The Hong Kong national football team represents Hong Kong in men's international football events. The team competed their first international match in 1947 against South Korea during the colonial period. Even after 1997 the transfer of sovereignty to China, it continues to represent Hong Kong separately from the People's Republic of China as its own national team in international competitions due to the "One country, two systems" principle. The team has never qualified for the FIFA World Cup, with the closest time being the 1986 World Cup cycle, which also highlighted their most successful period.
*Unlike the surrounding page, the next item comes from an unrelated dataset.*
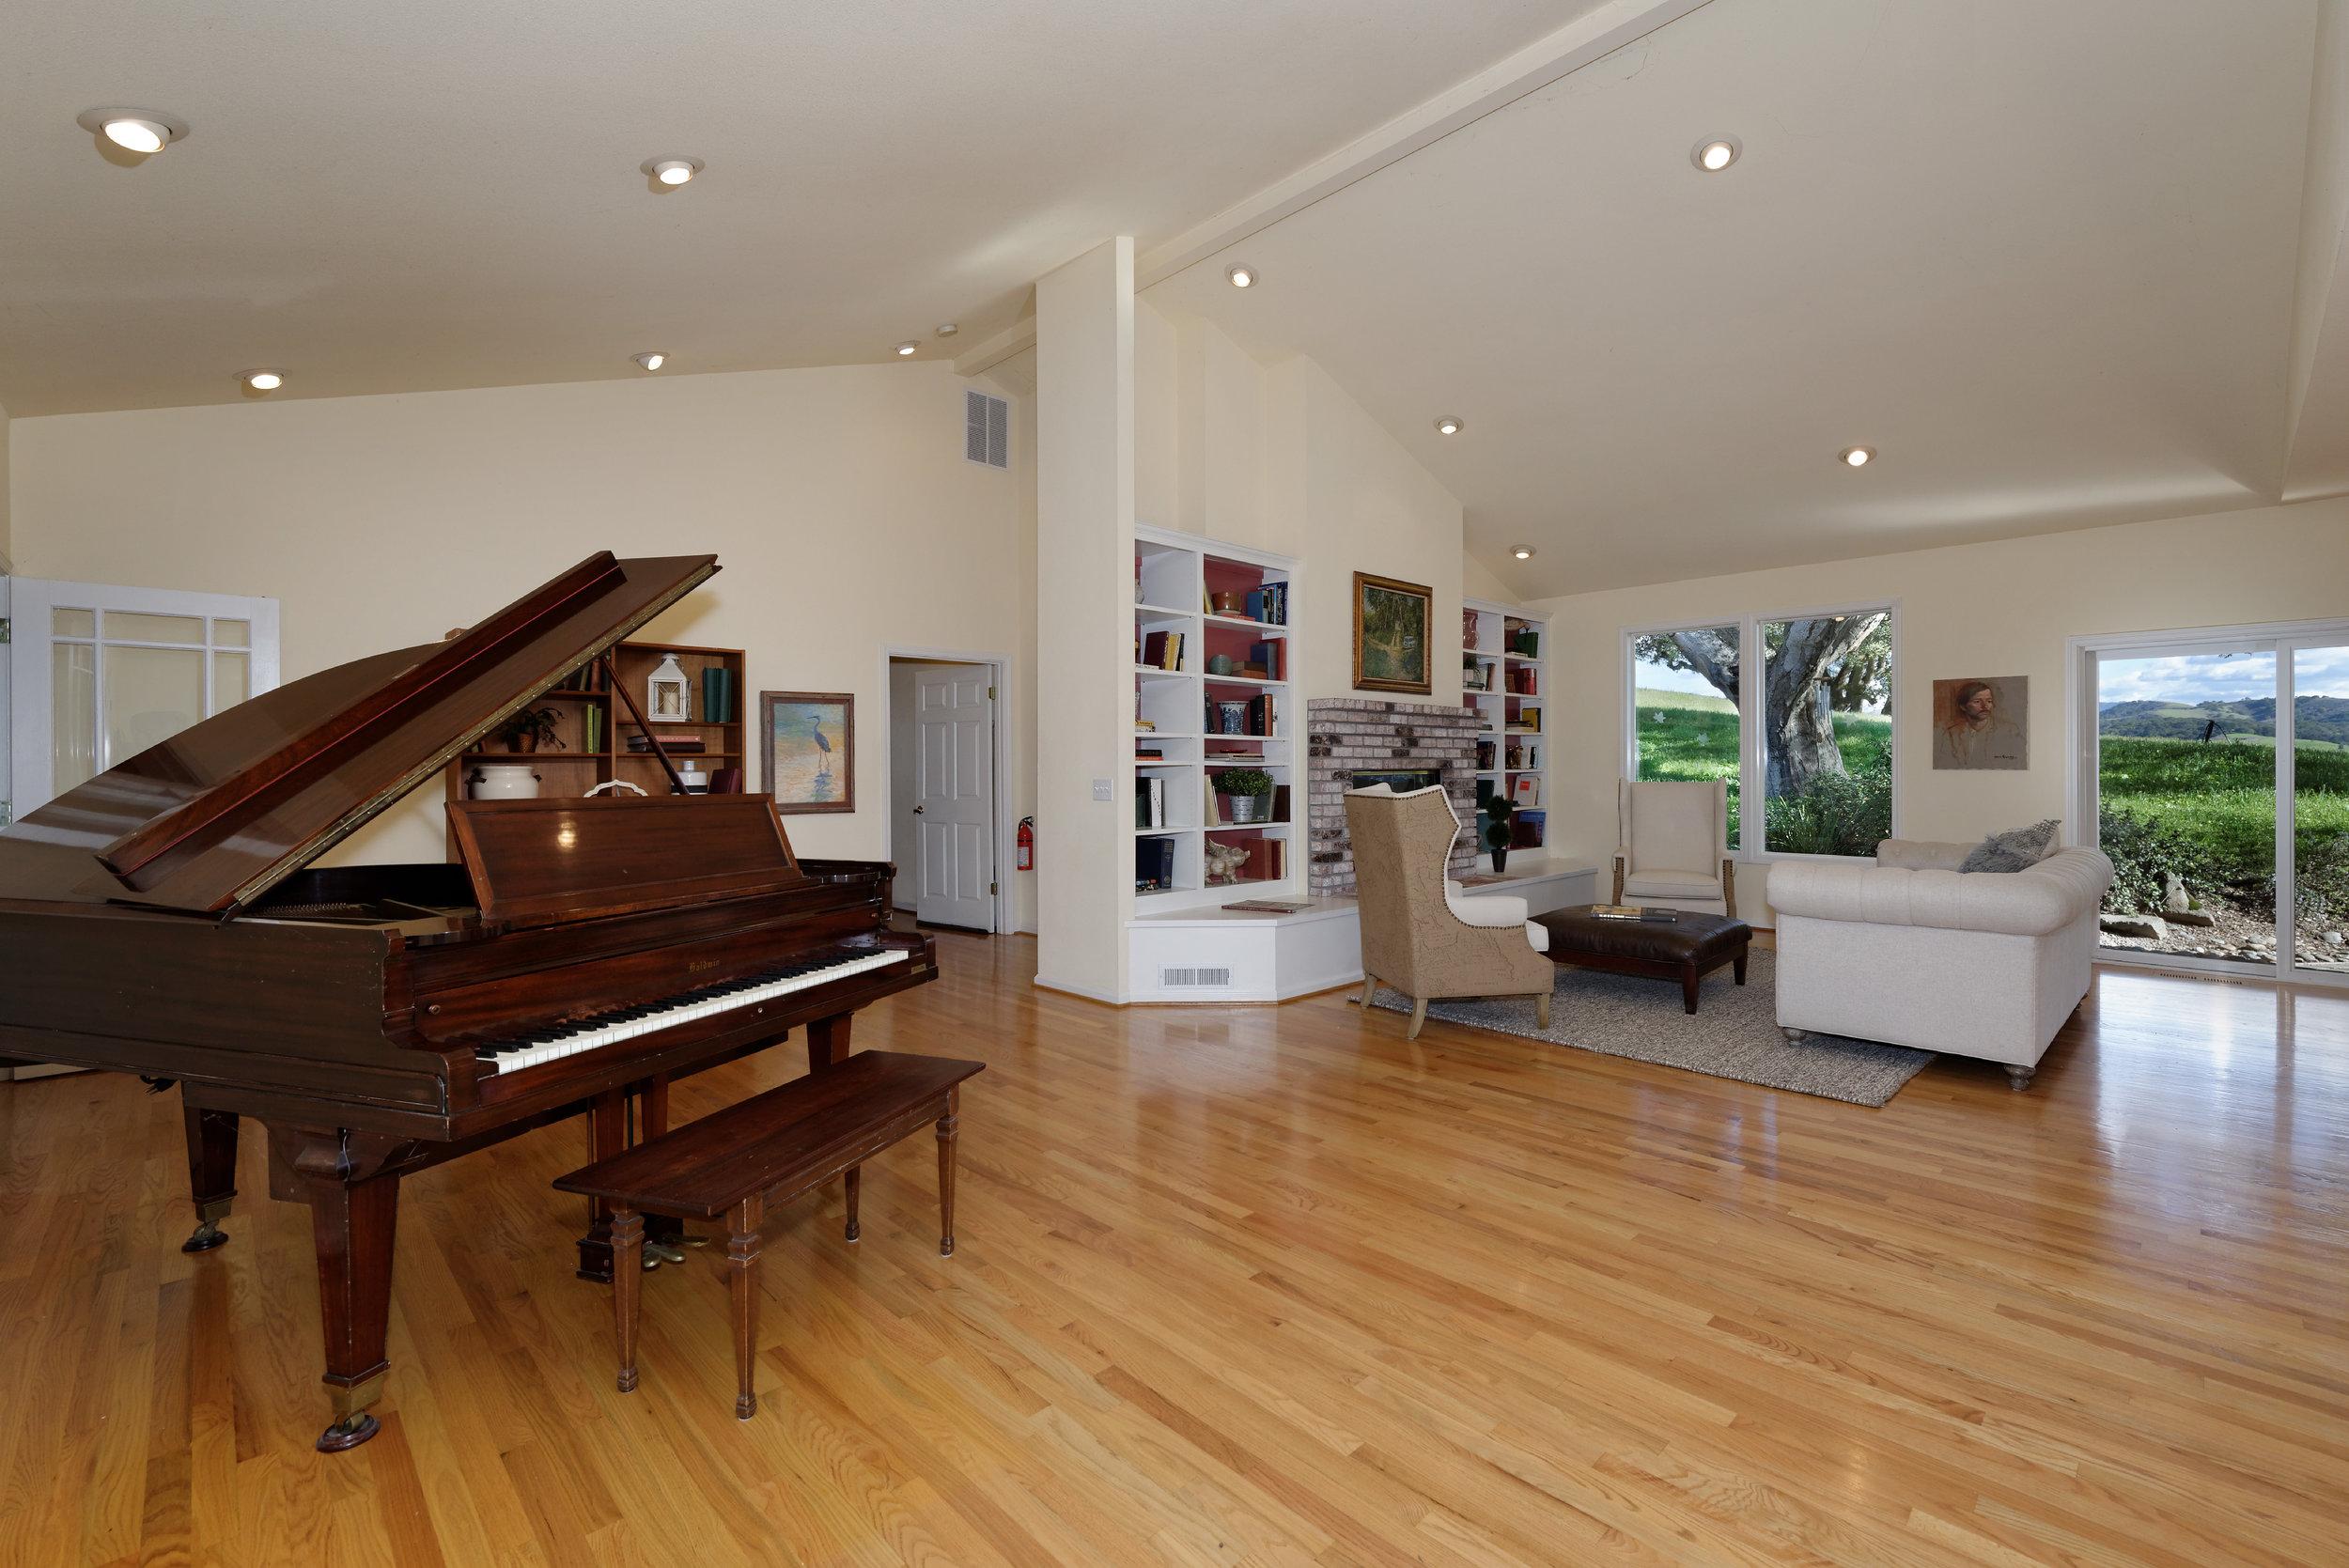 Piano_706 Carpenteria R_Ducky Grabill Real Estate.jpg

On 14 January 2024, Hong Kong midfielder Philip Chan Siu-kwan scored the 1,000th goal in Asian Cup history in the team’s return to the competition’s finals for the first time since 1968, despite the team losing 1–3 to the United Arab Emirates.

===Women's===

The Hong Kong women's national football team qualified for 14 consecutive AFC Women's Asian Cups between 1975 and 2003. However, the team has not qualified for a major tournament since the 2003 AFC Women's Championship.